Experts from the Natural History Museum have now published the results of their study on these markings, which are believed to belong to sauropodomorphs. These species include the famous Diplodocus which were present here during the Triassic period. The research was carried out after it was discovered last year by walker Kerry Rees in Penarth, near Cardiff. Professor Paul Barrett of the museum says that from the number of footprints it is possible that many sauropods gathered at this site.
Thousands of dinosaur footprints found in Poland, scientists surprised to see ‘priceless treasure’
Fossils are formed by drying in sunlight
The results of research by scientists from Britain and France have now been published in Geological Magazine. Scientists said these figures have raised edges called ‘Squelch Marks’ where dinosaurs put their feet in the mud. These marks dry up in sunlight and then turn into fossils. Earlier, thousands of footprints of dinosaurs who ruled the earth were found in Poland.

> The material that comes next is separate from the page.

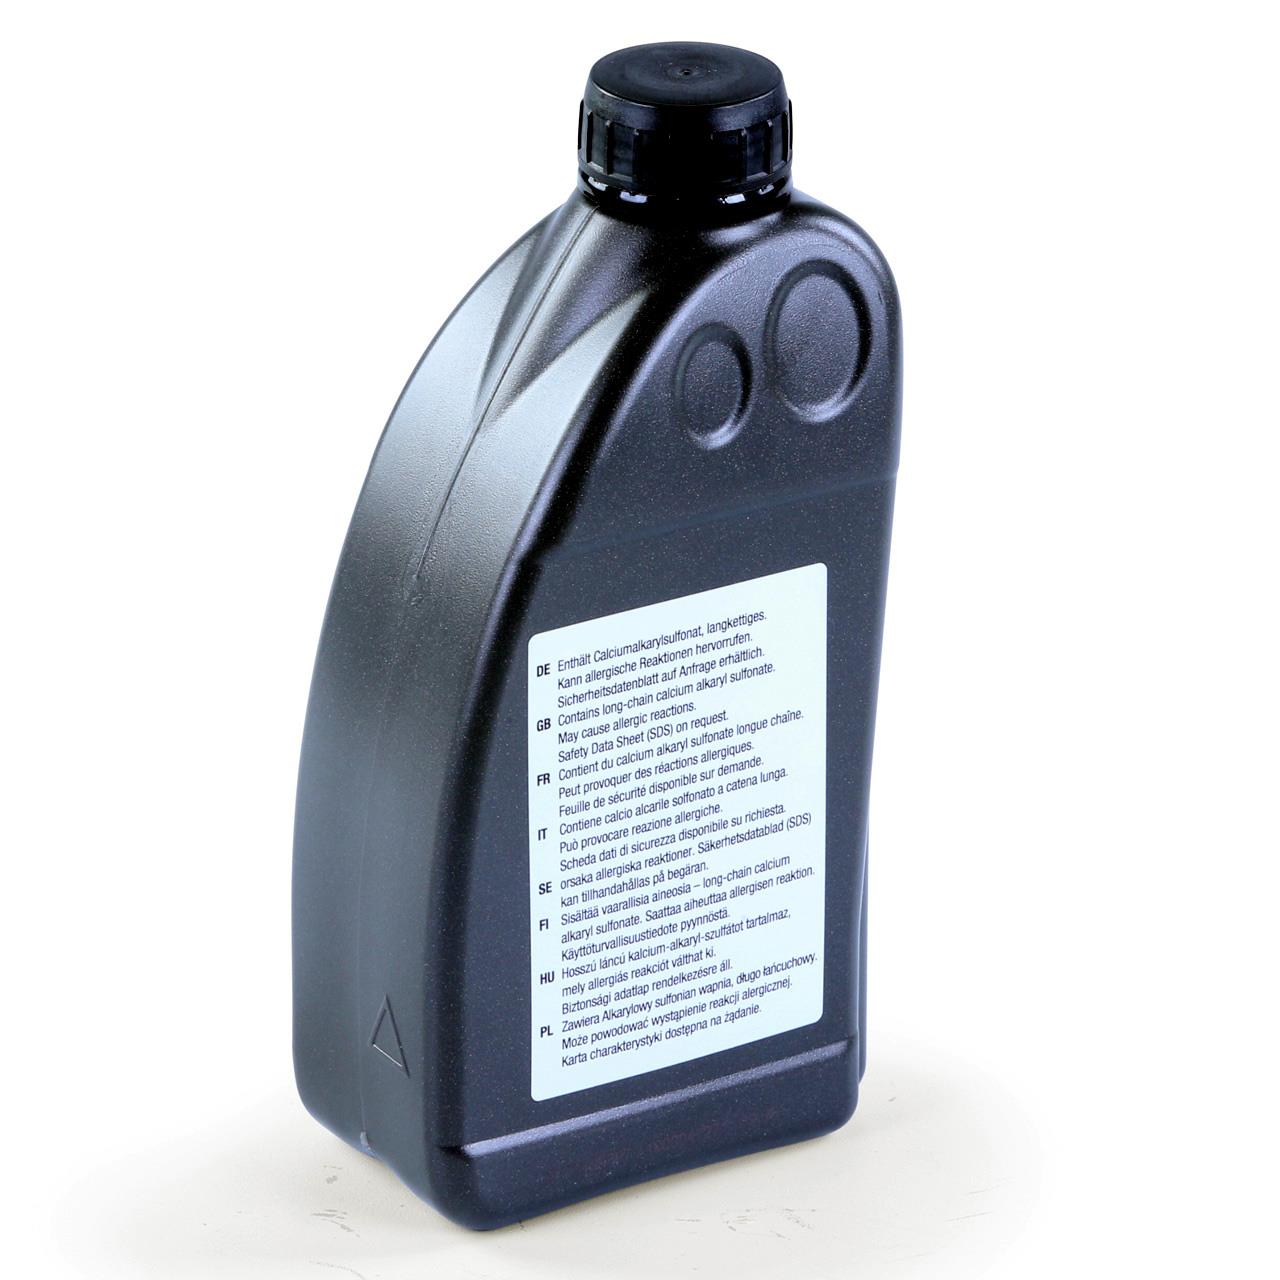 FUXTEC Sägekettenhaftöl mit Haftzusatz Kettenöl 1 L

Fossils and bones found in Poland
The scaly skin of dinosaurs could also be easily seen here. Experts said that these dinosaur footprints can provide new information about the ecosystem of 200 million years ago. The National Research Institute, a geological institute in Poland, called it a ‘treasure’. The decomposed remains and bones were found in an open quarry in the Borkovice area, 130 km south of the capital, Warsaw.

Dinosaur habits can be detected by traces
Geologist Grzegorz said, ‘From the footprints left by the dinosaurs, you can trace the behavior and habits of the dinosaurs … We have the traces of the dinosaurs running, swimming, resting and sitting.’ The largest footprints of these meat-eating dinosaurs are 40 centimeters or 15.7 inches long.